They spent the night breaking the spell up into tiny, manageable pieces, but Draco could not shake the feeling that there was something that she wasn’t telling him. He fell asleep over the desk and woke with a jerk feeling as though he hadn’t slept at all, back and legs cramping; Granger was curled up on one of the chairs in her office, hair down for the first time since he’d seen her, finally back to its curly, unruly state.

She must’ve felt his stare and slowly blinked herself awake, yawning. “You have ink on your face,” she said and Draco reached up and wiped his cheek, fingers coming back black.

“Darn it,” he said and leaned back. They had made no progress, none at all, and the notes on the table said even less to him now in his half-asleep state.

“I need breakfast.” He pushed himself up and stretched, his clothes wrinkled. He considered having her Apparate him home before eating, but decided that he was famished enough to skip cleanliness for now.

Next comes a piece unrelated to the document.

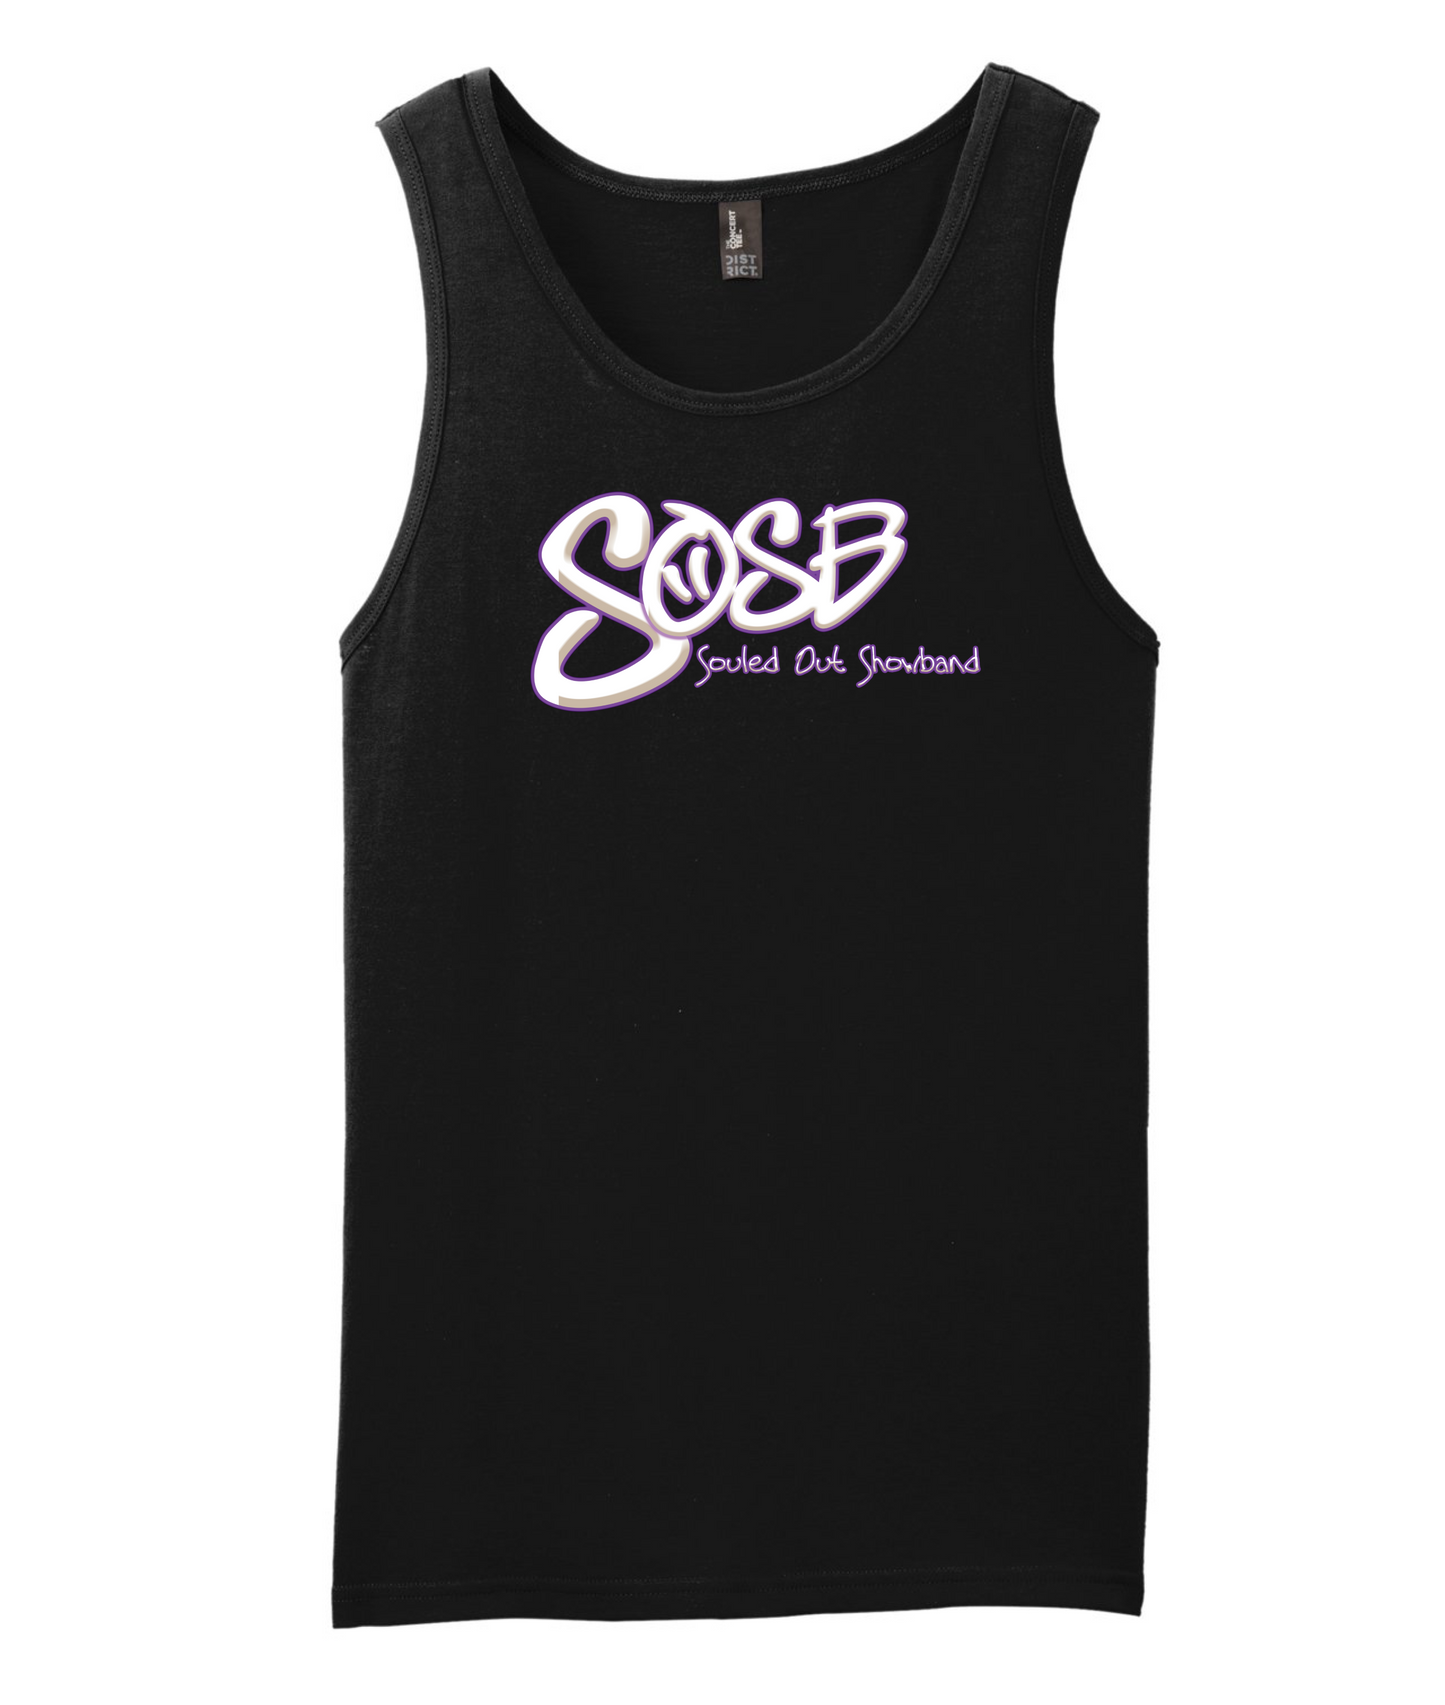 Souled Out Show Band - SOSB Lettering - Black Tank Top

“Me too,” Granger said and Draco helped her up. They wandered down the hallway and to the lift - the front entrance one this time - that would take them six floors up to the general breakroom, both equally disgruntled and sleep deprived.

Draco yearned for a cup of coffee and got it just a few minutes later when they entered the half-deserted breakroom and found themselves some eggs and toast and coffee and an empty table. Granger was wolfing down her food while Draco sipped his coffee, rather amused.

“You eat like a starving woman, Granger,” he commented, shaking his head, and took a careful bite of his toast, half-smirking.

“Shut it,” Granger said, but it didn’t sound malicious at all. “And you can call me Hermione. That’s my name.”

Draco lifted a brow, lowering his cup a little, surprised. “And who says I’d like to?”

Granger looked up, offended. “We work together. I figured you’d possess that kind of courtesy.”

“Huh,” Draco said and thought about it. The concept seemed rather alien to him. “Hermione,” he said and let the name roll from his tongue.

“Better,” Granger said. Hermione. It was odd. “Draco.”

“This is strange,” Draco said quickly and had a sip of coffee.

Granger opened her mouth to reply but froze mid-breath, looking up. “Seamus!” she said.

“Hello,” Finnigan said grinning and sat down without asking. “You both look like shit!”

“Thank you,” Draco said and tapped his fingers against the surface of the table. “We both appreciate your sense of suaveness.” He shot Finnigan a look. “I will let you know that Hermione and I spent a rather restless night.” He was aware of the double entendre and found amusement in the way Granger’s eyes widened.

Finnigan laughed. “Really? Did you switch teams?”

Draco shook his head, unable to hold back a little grin as realization dawned on Granger. Finnigan stole Draco’s toast and Draco didn’t protest. He felt oddly comfortable suddenly. With the looming threat of this unknown spell and in a country full of people who despised him, it was not a feeling he’d have expected.

Finnigan and Granger were chatting idly and Draco watched them. Granger took a sip from her coffee and frowning, reheated it. In an instant of accidental Mageioptics Draco saw the spell sneaking its way out from her hand and over her fingers, focus through her wand and find her cup, curling around it.

He read it automatically, object, trigger, find origin, repeat, and suddenly it was as though he’d invented the wheel again. He dropped his toast and rose to his feet, unable to coherently form words and convey what he’d just realized.

“It’s-” he started and waved his hands, accidentally knocking his cup over. “It’s a loop,” he said. “It doesn’t rewrite itself, it just writes over itself again and again.” He laughed, almost euphoric. “I can freeze it if I put time-block in it.” He was babbling and Hermione and Finnigan were staring as though he was crazy. He might as well have been.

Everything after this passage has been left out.